Another reason gamers go to a store to buy games is to get special and limited editions. Activision, for instance, has in the past bundled its Call of Duty games with night vision goggles and remote control cars with cameras.
However, as they are not cheap, they are not within reach of most gamers.
Yap says special edition games with bundled items only account for a very small part of his business.
Future in a flux
Perhaps the wider problem is that the videogame industry is in transition, as companies figure out how to get customers to pay over RM1,500 for a console and then about RM150 for each game in an age when almost everyone owns a smartphone and can download games for free or much less.
While mobile gaming is still in its infancy, it’s only a matter of time before videogame companies start shifting their titles to mobiles and tablets which bypasses brick-and-mortar stores.
In recent years large Japanese game companies like Konami and Capcom have started cutting back on new A-list titles for consoles.
Capcom itself has had few high-profile console releases this year, opting instead for “HD remasters” of existing games like Devil May Cry 4 and Resident Evil.
In fact, the only big title Capcom is launching in 2016 will be Street Fighter V, which was largely funded by Sony as an exclusive title for the PlayStation 4.
Konami, the distributor and publisher for the popular Metal Gear series, recently had a much-publicised break with the title’s creator Hideo Kojima, leaving the future of the series in doubt.
It's been speculated that Konami's break with Kojima was because the company has been radically restructuring its operations to move away from expensive console game development to focus on smaller, less expensive games for smartphones.

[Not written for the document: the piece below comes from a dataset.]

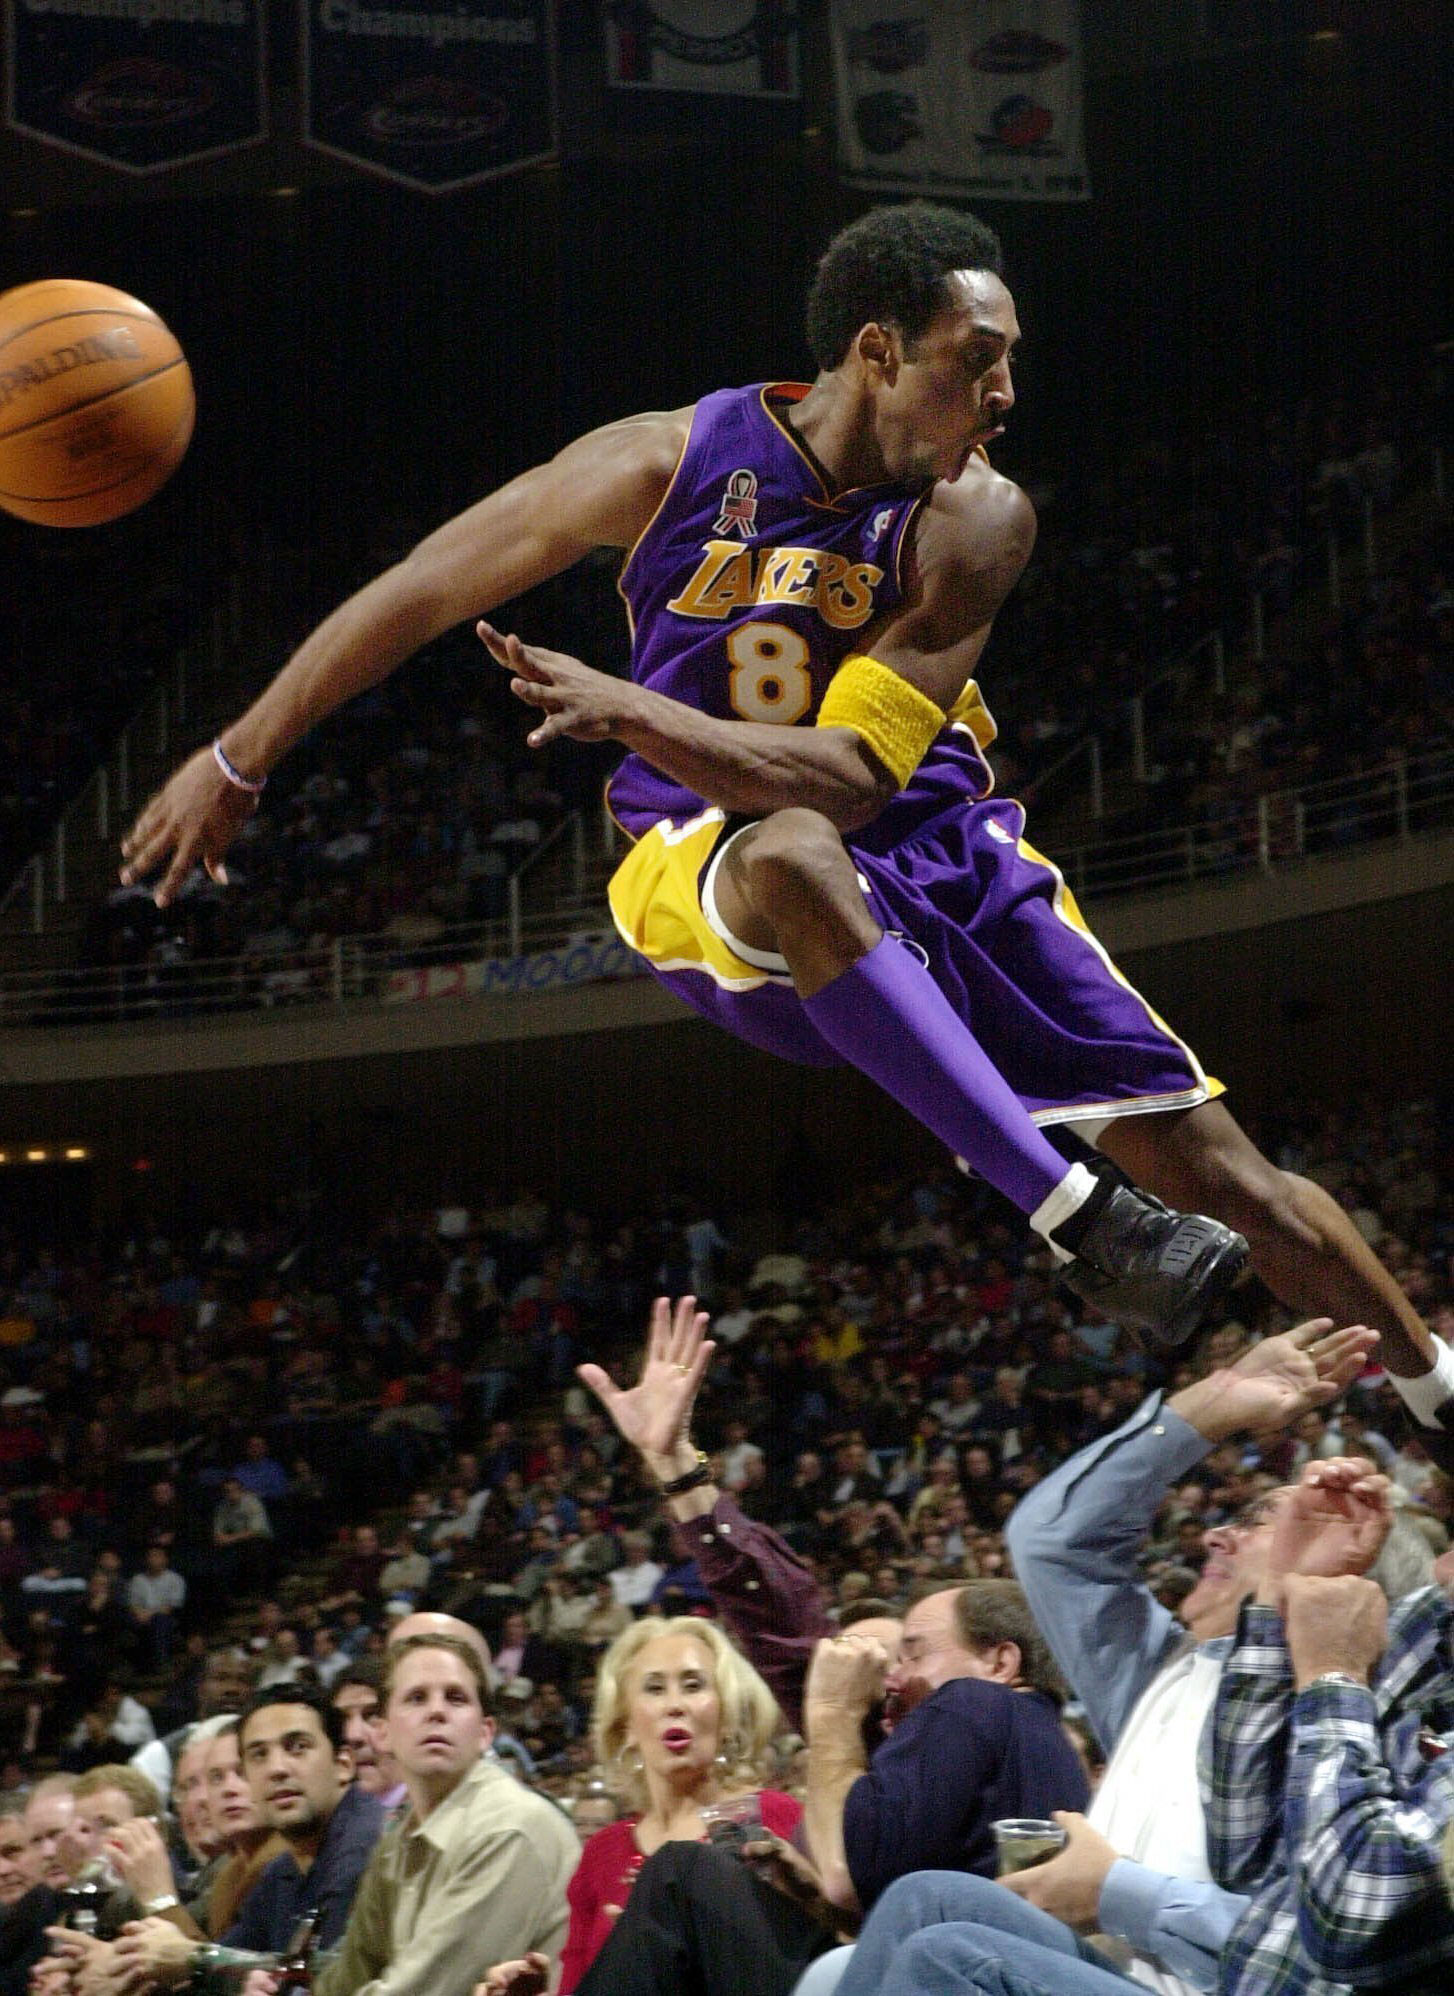 In this 2001 photo Los Angeles Lakers' Kobe Bryant jumps over a row of fans after saving the ball from going out of bounds.
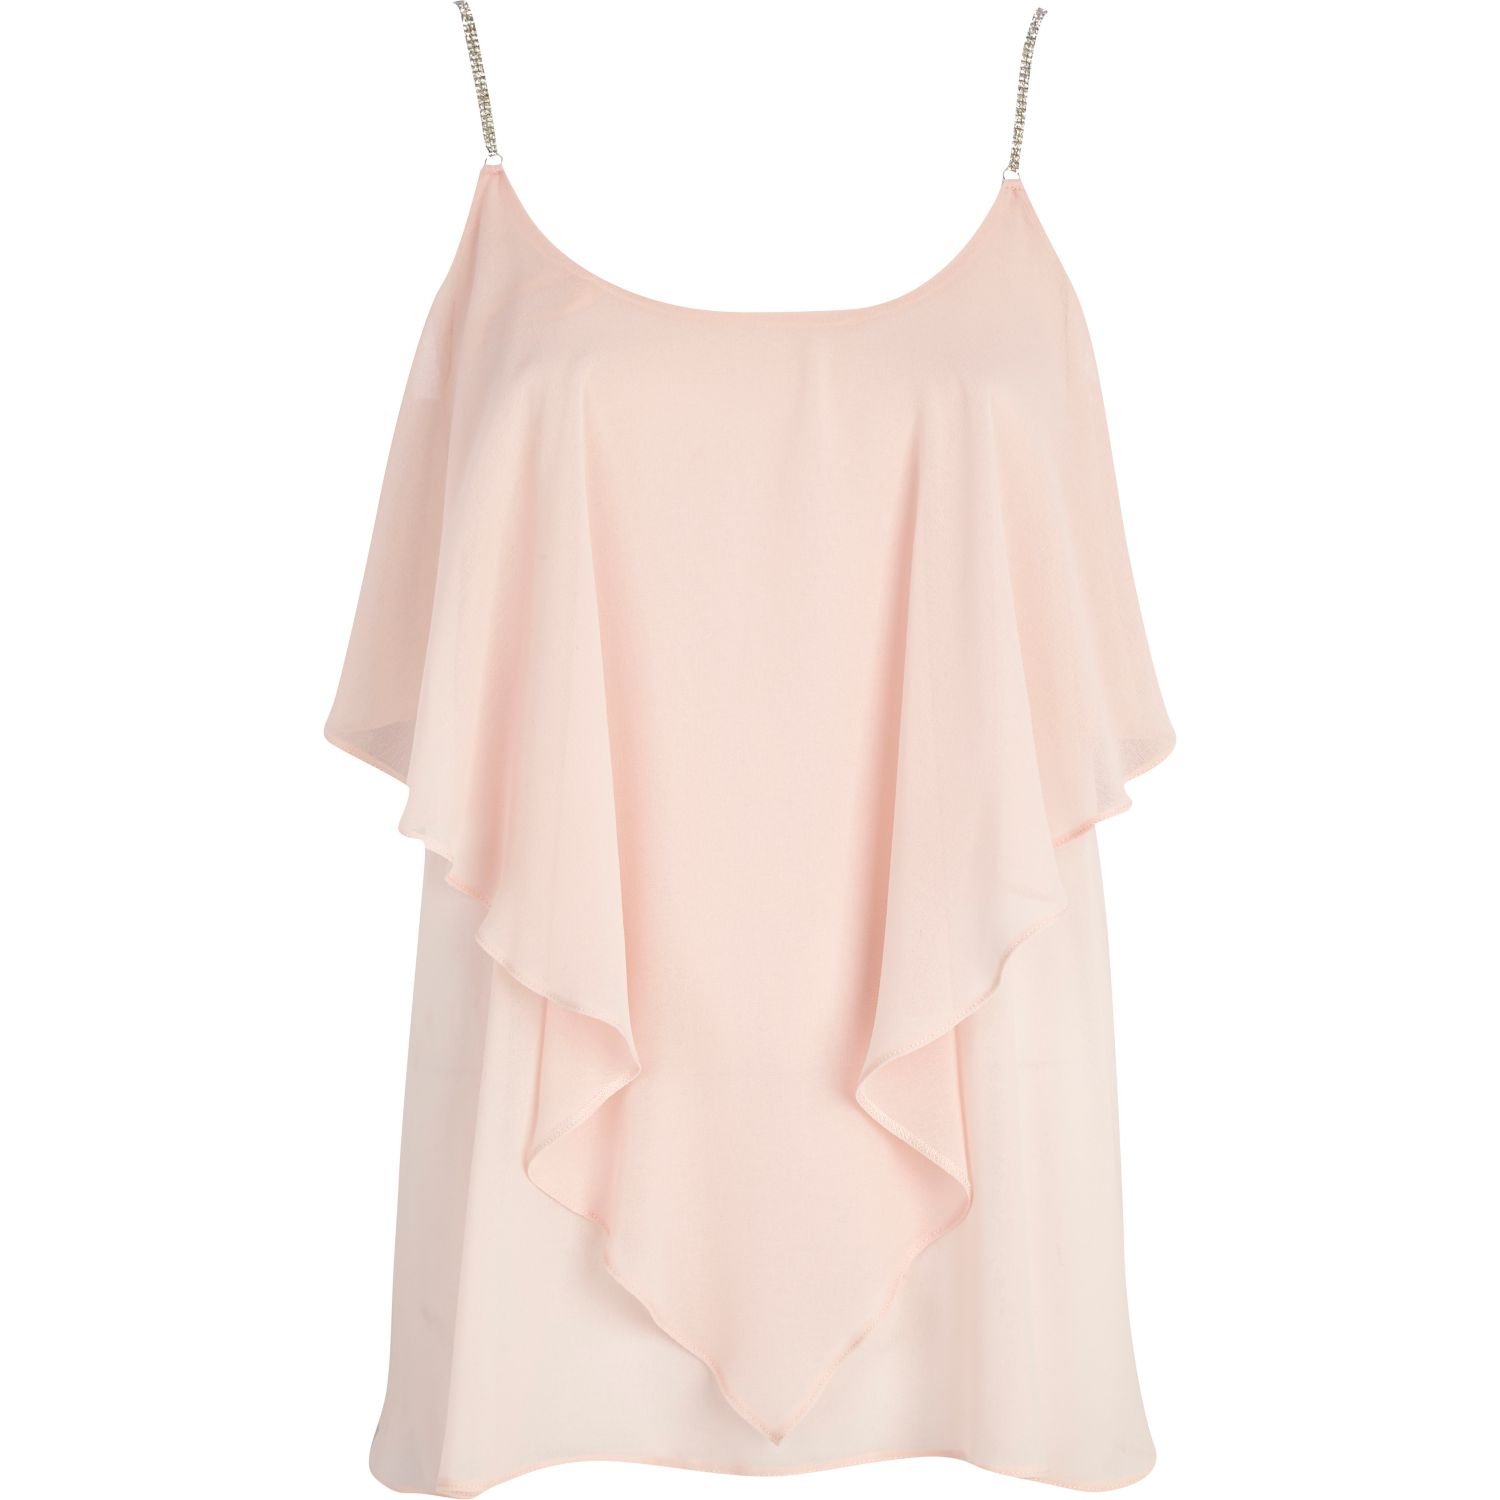 River Island Light Pink Rhinestone Strap Layered Cami Top in Pink | Lyst

While this is by no means the end of the videogame industry, it does signal a change for videogame stores. Mobile games already have a thriving digital distribution model in the form of Google Play and Apple App Store, both of which bypasses physical distribution.
But even this doesn’t mean the end of physical stores. Yap says that the game store will still survive in one form or another, although the bulk of the business will be in selling gaming peripherals and digital credit rather than actual games
Even now, he is already taking steps to diversify, selling more peripherals like keyboards, mice, gaming laptops and figurines.
Lin is more pragmatic about the continued survival of videogame stores, giving it another three to five years before digital distribution lands the killing blow.
“I'll just change business. A businessman should always be able to change and never fall in love with just one model,” he said.